Figure 12. Draw a probability tree to help with the frequencies.

From our probability tree in Figure 12 it is straight-forward to collect the information we need.

  • Given this population, how many are expected to have HIV? Two.
  • Given the specificity and sensitivity of the assay for HIV, how many persons from this population will test positive? Two.
  • For every positive test result, how many men from this population will actually have HIV? One.

Thus, given this population with the known risk associated, the probability that a man testing positive actually has HIV is 50% (=1/(1+1)).

Use the EBM plugin. Select two-way table, then enter the values as shown in Fig. 13.

EBM plugin with data entry

Figure 13. EBM plugin with data entry

Select the “Diagnosis” option — we are answering the question: How probable is a positive result given information about sensitivity and specificity of a diagnosis test.
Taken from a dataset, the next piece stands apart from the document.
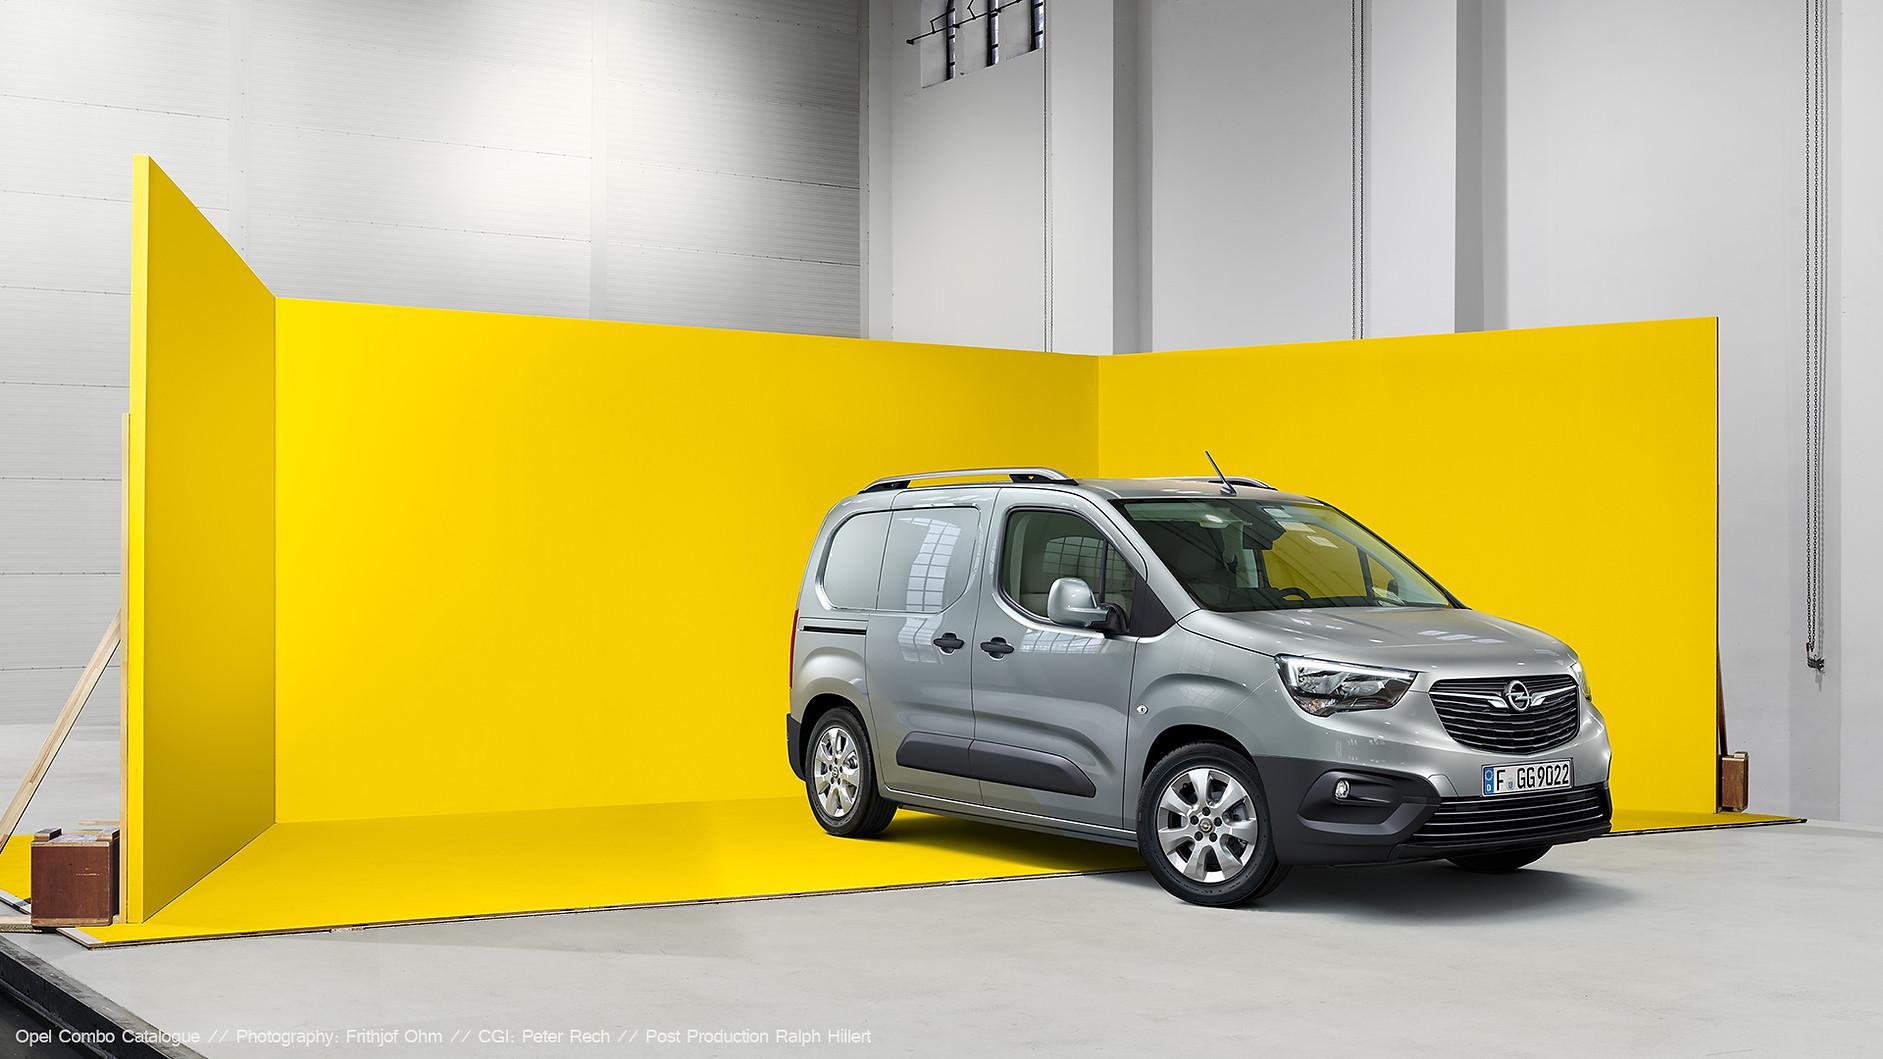 Opel_Combo_Katalog_02.jpg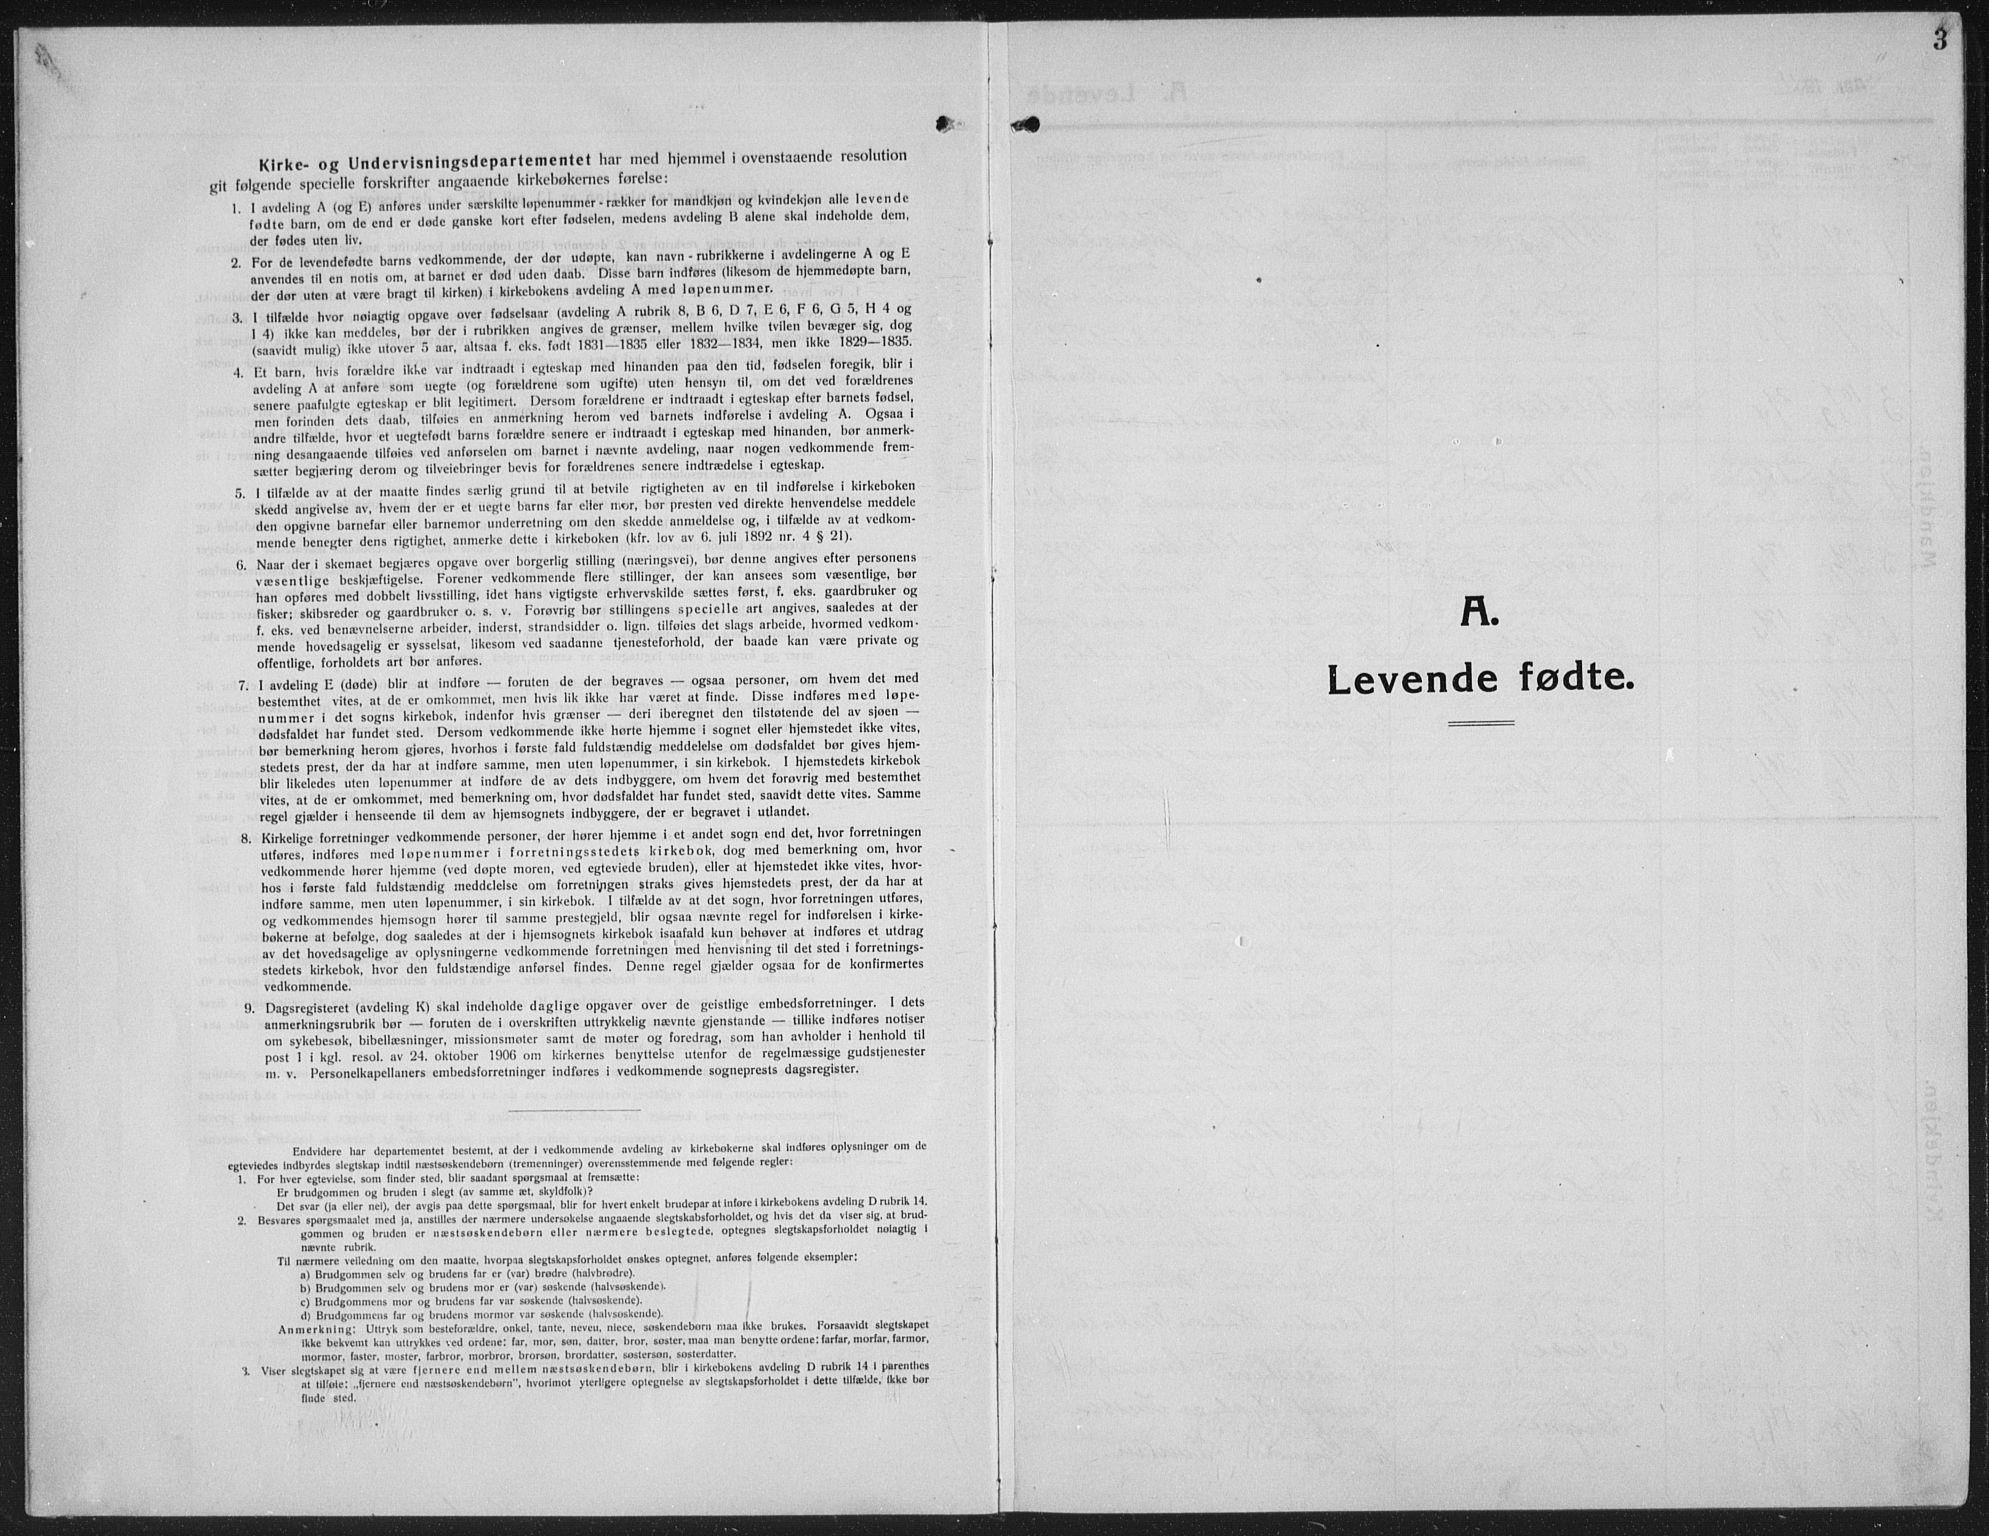 SAH, Ringebu prestekontor, Klokkerbok nr. 10, 1911-1934, s. 3

The results from the EBM functions are given below

Rcmdr> .Table
      Yes No
   +  1    1
   -  0 9998
Rcmdr> fncEBMCrossTab(.table=.Table, .x='', .y='', .ylab='', .xlab='', 
Rcmdr+ .percents='none', .chisq='1', .expected='0', .chisqComp='0', .fisher='0', 
Rcmdr+ .indicators='dg', .decimals=2)
# Notations for calculations
        Disease + Disease -
Test +      "a"         "b" 
Test -      "c"         "d"
# Sensitivity (Se) = 100 (95% CI 2.5 - 100) %. Computed using formula: a / (a + c)
# Specificity (Sp) = 99.99 (95% CI 99.94 - 100) %. Computed using formula: d / (b + d)
# Diagnostic accuracy (% of all correct results) = 99.99 (95% CI 99.94 - 100) %. Computed using formula: (a + d) / (a + b + c + d)
# Youden's index = 1 (95% CI 0.02 - 1). Computed using formula: Se + Sp - 1
# Likelihood ratio of a positive test = 9999 (95% CI 1408.63 - 70976.66). Computed using formula: Se / (Sp - 1)
# Likelihood ratio of a negative test = 0 (95% CI 0 - NaN). Computed using formula: (1 - Se) / Sp
# Positive predictive value = 50 (95% CI 1.26 - 98.74) %. Computed using formula: a / (a + b)
# Negative predictive value = 100 (95% CI 99.96 - 100) %. Computed using formula: d / (c + d)
# Number needed to diagnose = 1 (95% CI 1 - 40.91). Computed using formula: 1 / [Se - (1 - Sp)]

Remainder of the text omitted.